_Prompt_
The answer is a stretch of the material below, returned exactly: the line containing "大众日报农村版1970年7月30日(8开四版) 重视读报用报;全面贡献不能少", the line containing "نفوذ کراتوپلاستی برای", and all lines between.

_Given information_
---+---

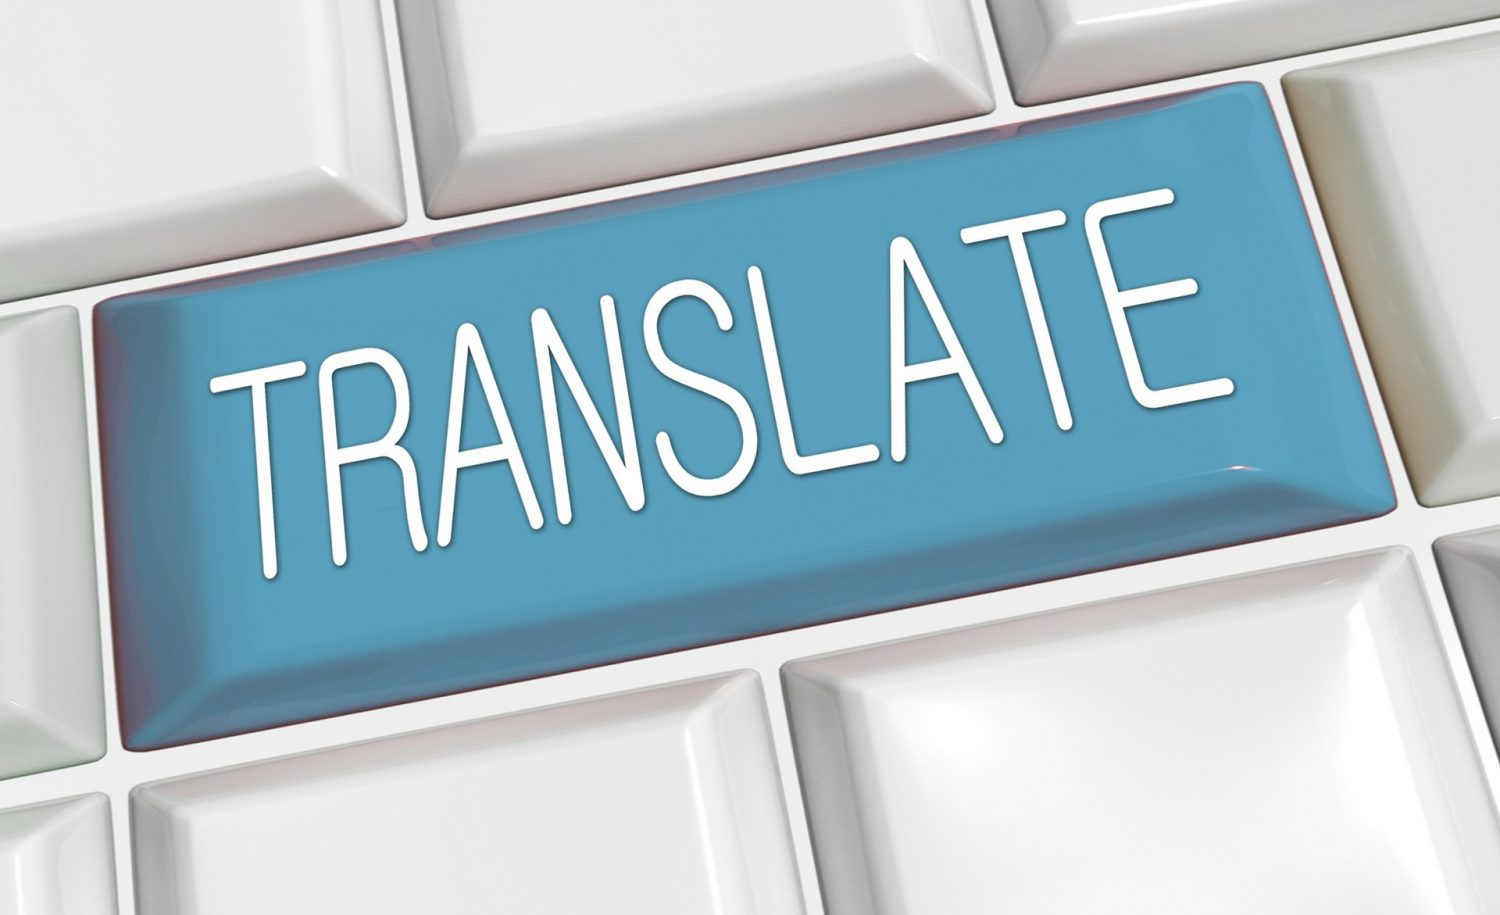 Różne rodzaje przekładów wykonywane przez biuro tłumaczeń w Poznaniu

---+---

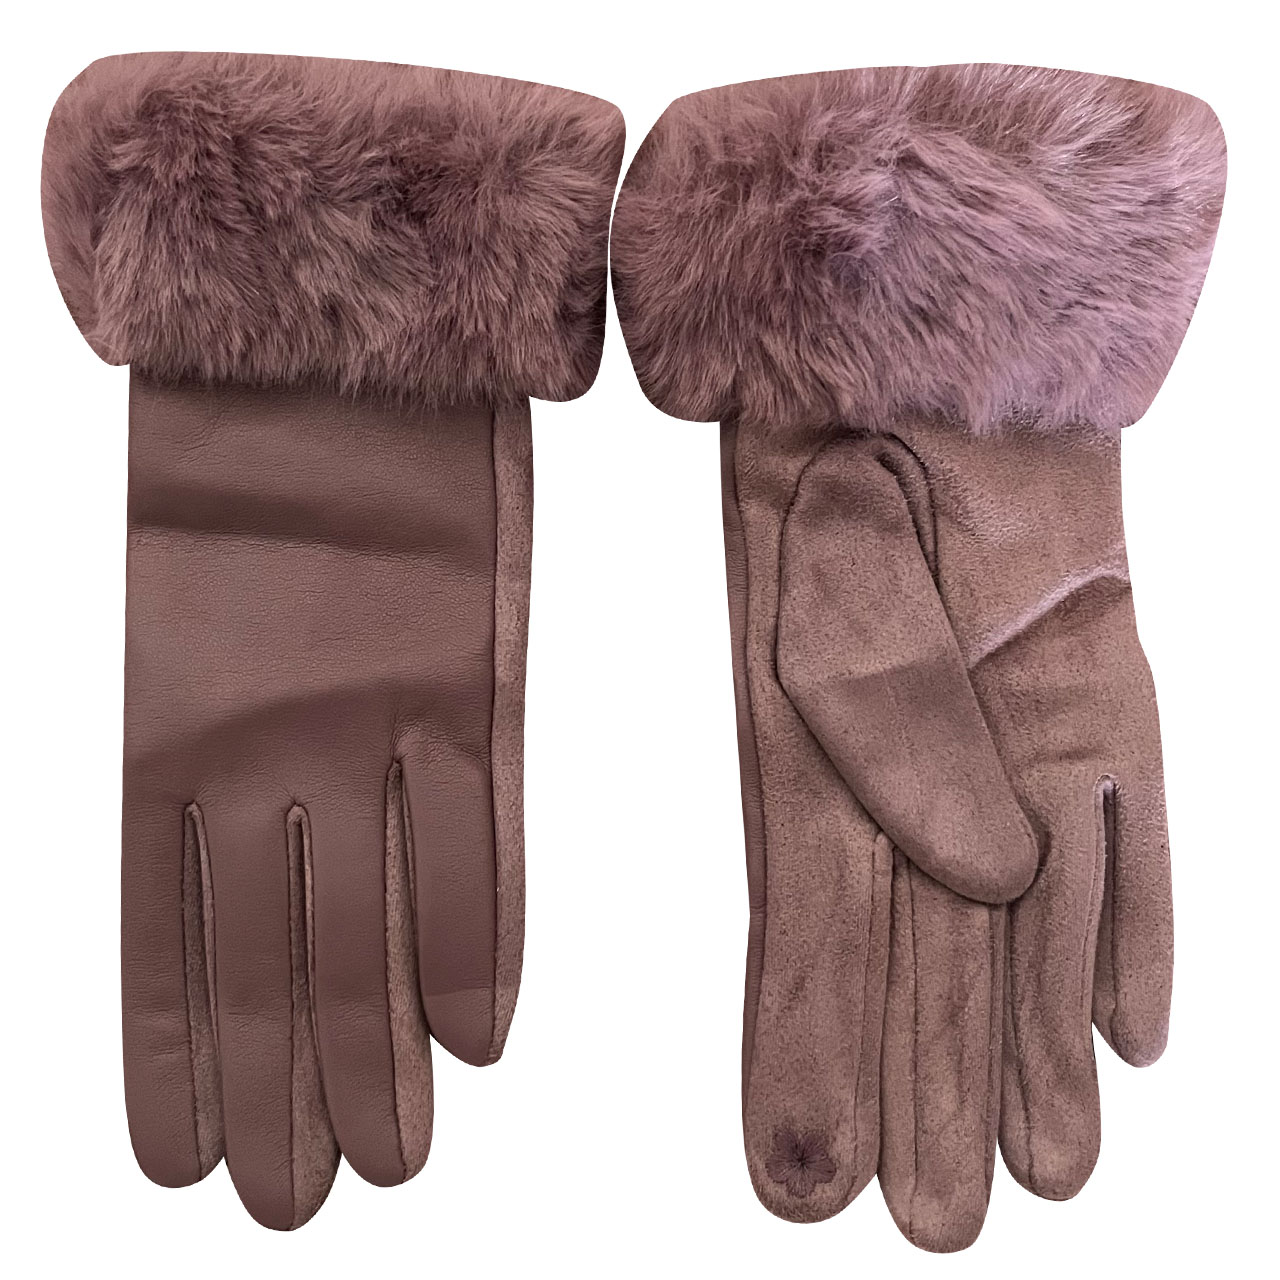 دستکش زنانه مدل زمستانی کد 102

---+---

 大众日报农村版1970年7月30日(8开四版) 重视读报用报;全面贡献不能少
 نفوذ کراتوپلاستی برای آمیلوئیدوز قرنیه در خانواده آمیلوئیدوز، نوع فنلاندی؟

---+---

_Problem solution_
 大众日报农村版1970年7月30日(8开四版) 重视读报用报;全面贡献不能少
 نفوذ کراتوپلاستی برای آمیلوئیدوز قرنیه در خانواده آمیلوئیدوز، نوع فنلاندی؟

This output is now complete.